⟨

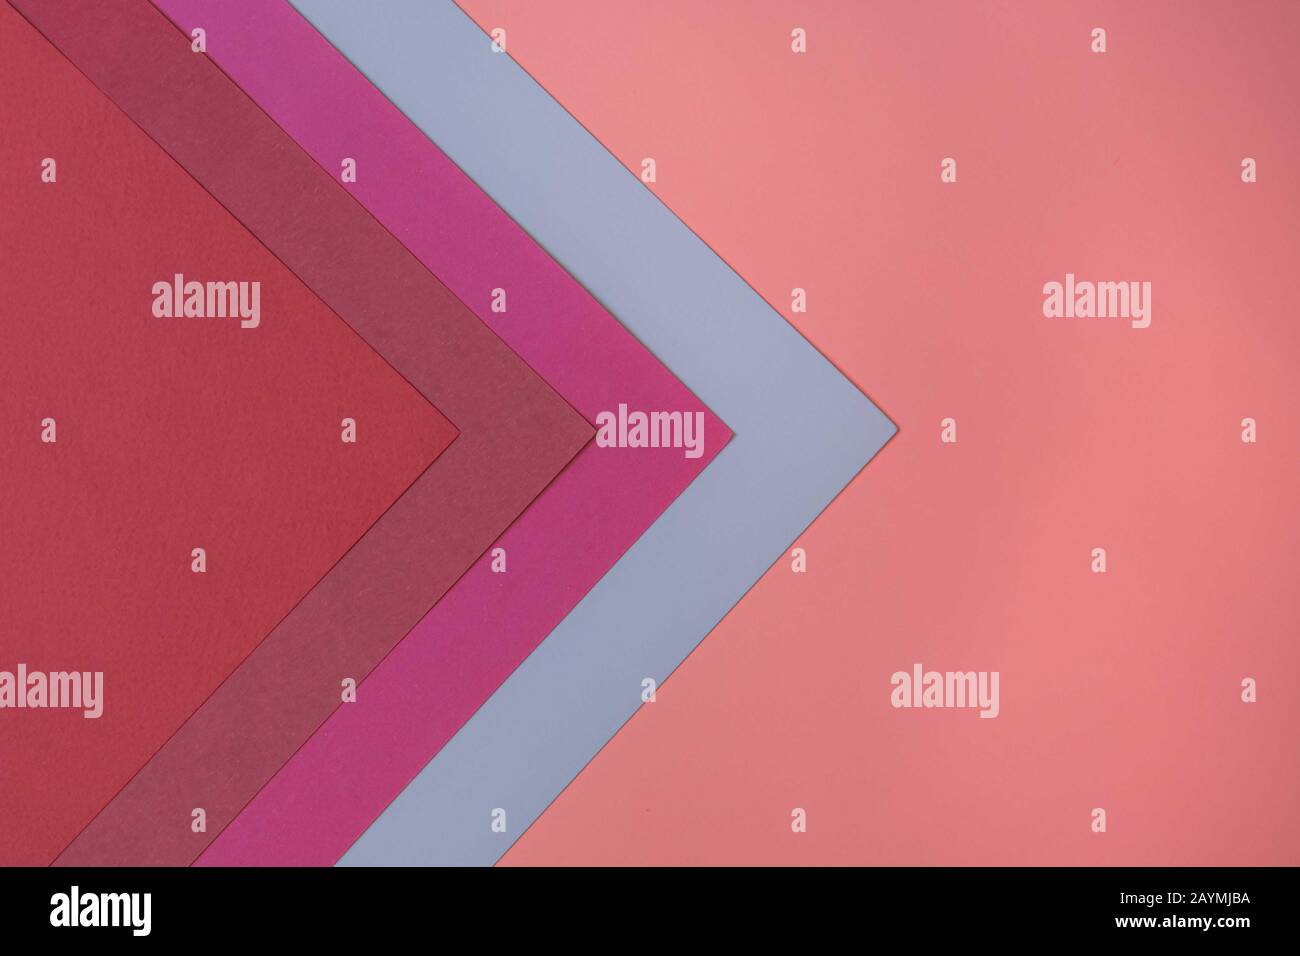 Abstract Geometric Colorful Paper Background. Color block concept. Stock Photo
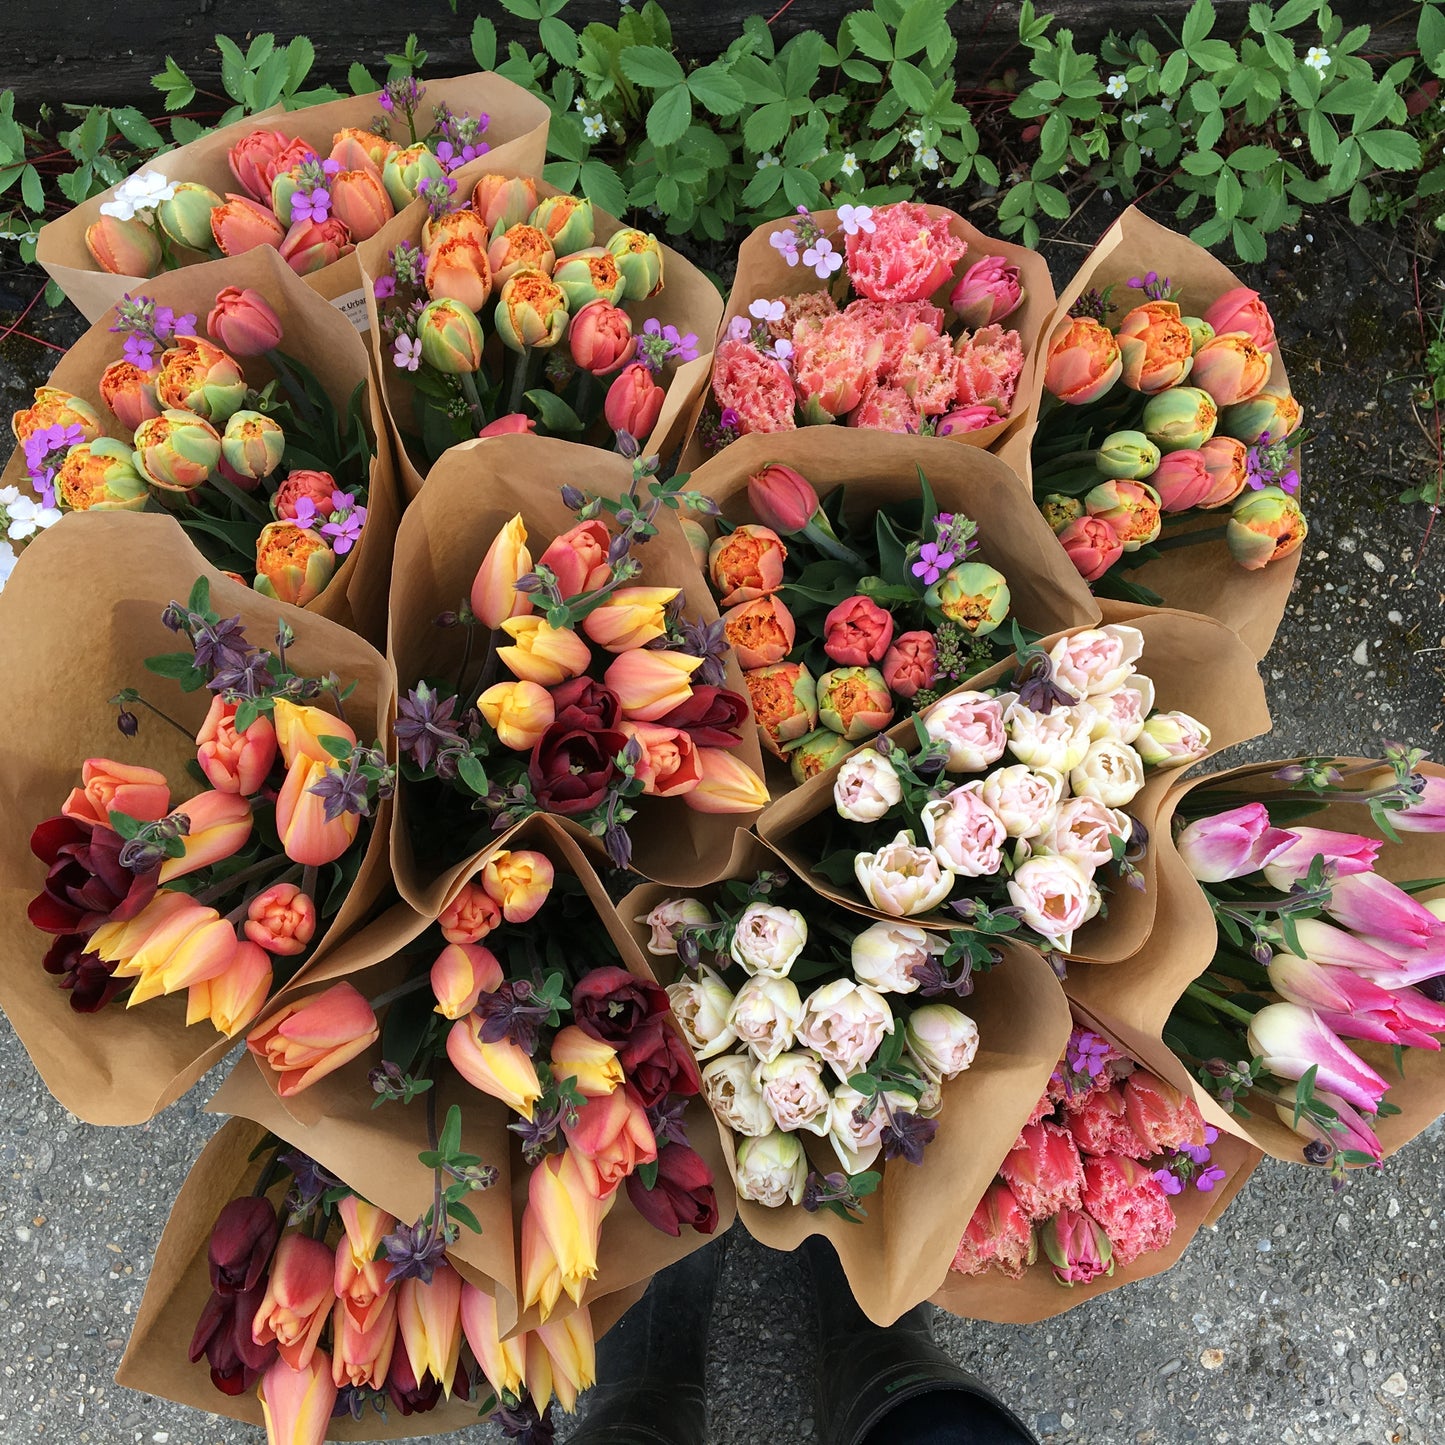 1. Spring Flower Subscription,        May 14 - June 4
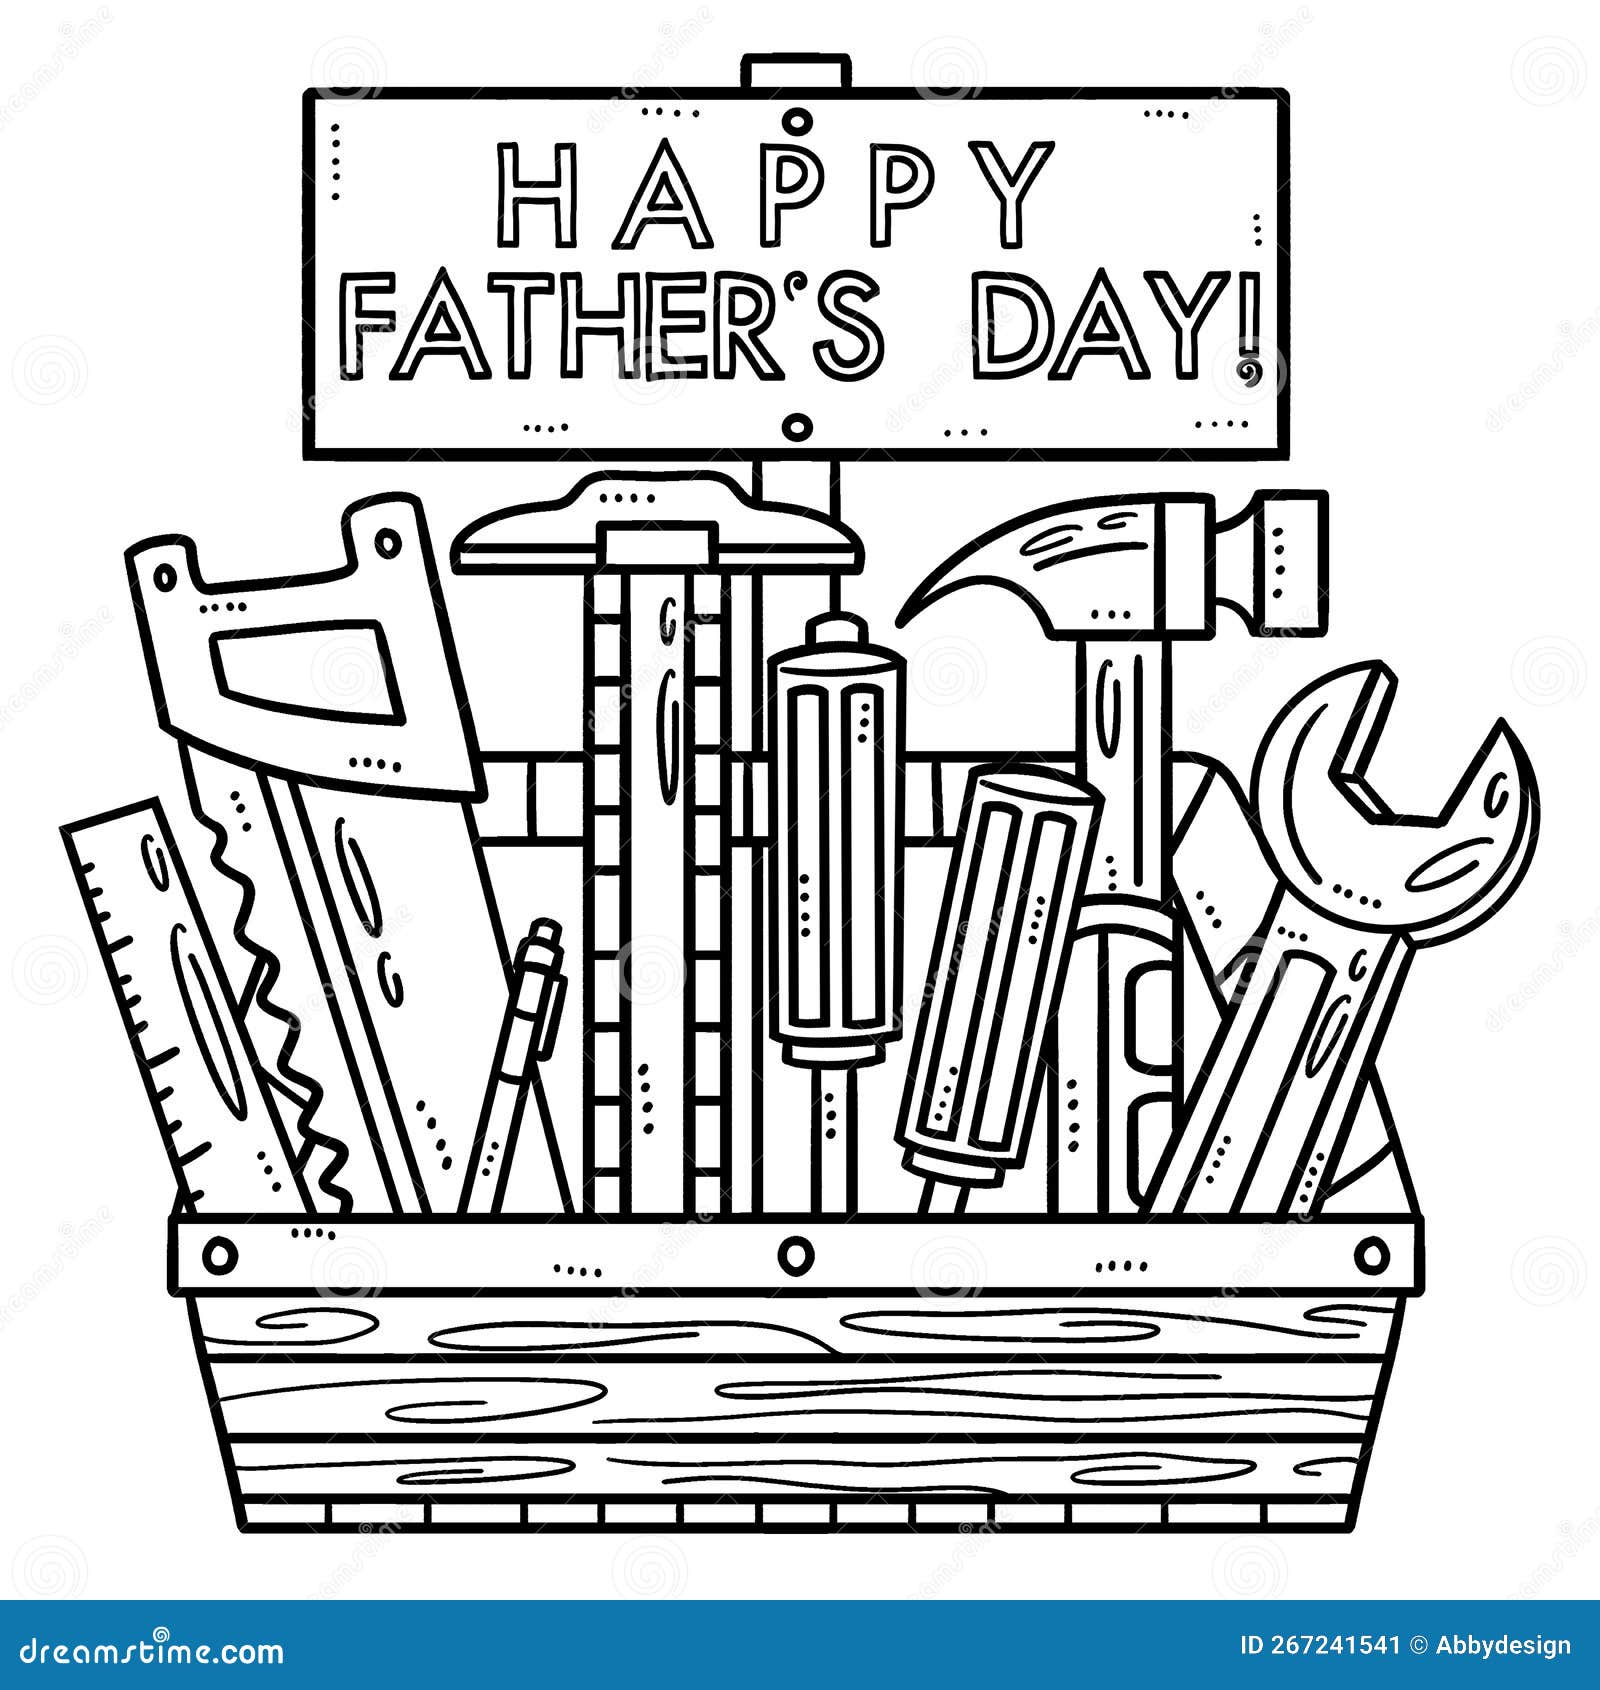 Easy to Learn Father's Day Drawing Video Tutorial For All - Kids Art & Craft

⟩

YOUR INSTRUCTIONS → Every line of the material should be repeated precisely; pictures are to be excluded.

SOLUTION TO THIS EXERCISE →
 Abstract Geometric Colorful Paper Background. Color block concept. Stock Photo
 1. Spring Flower Subscription,        May 14 - June 4
 Easy to Learn Father's Day Drawing Video Tutorial For All - Kids Art & Craft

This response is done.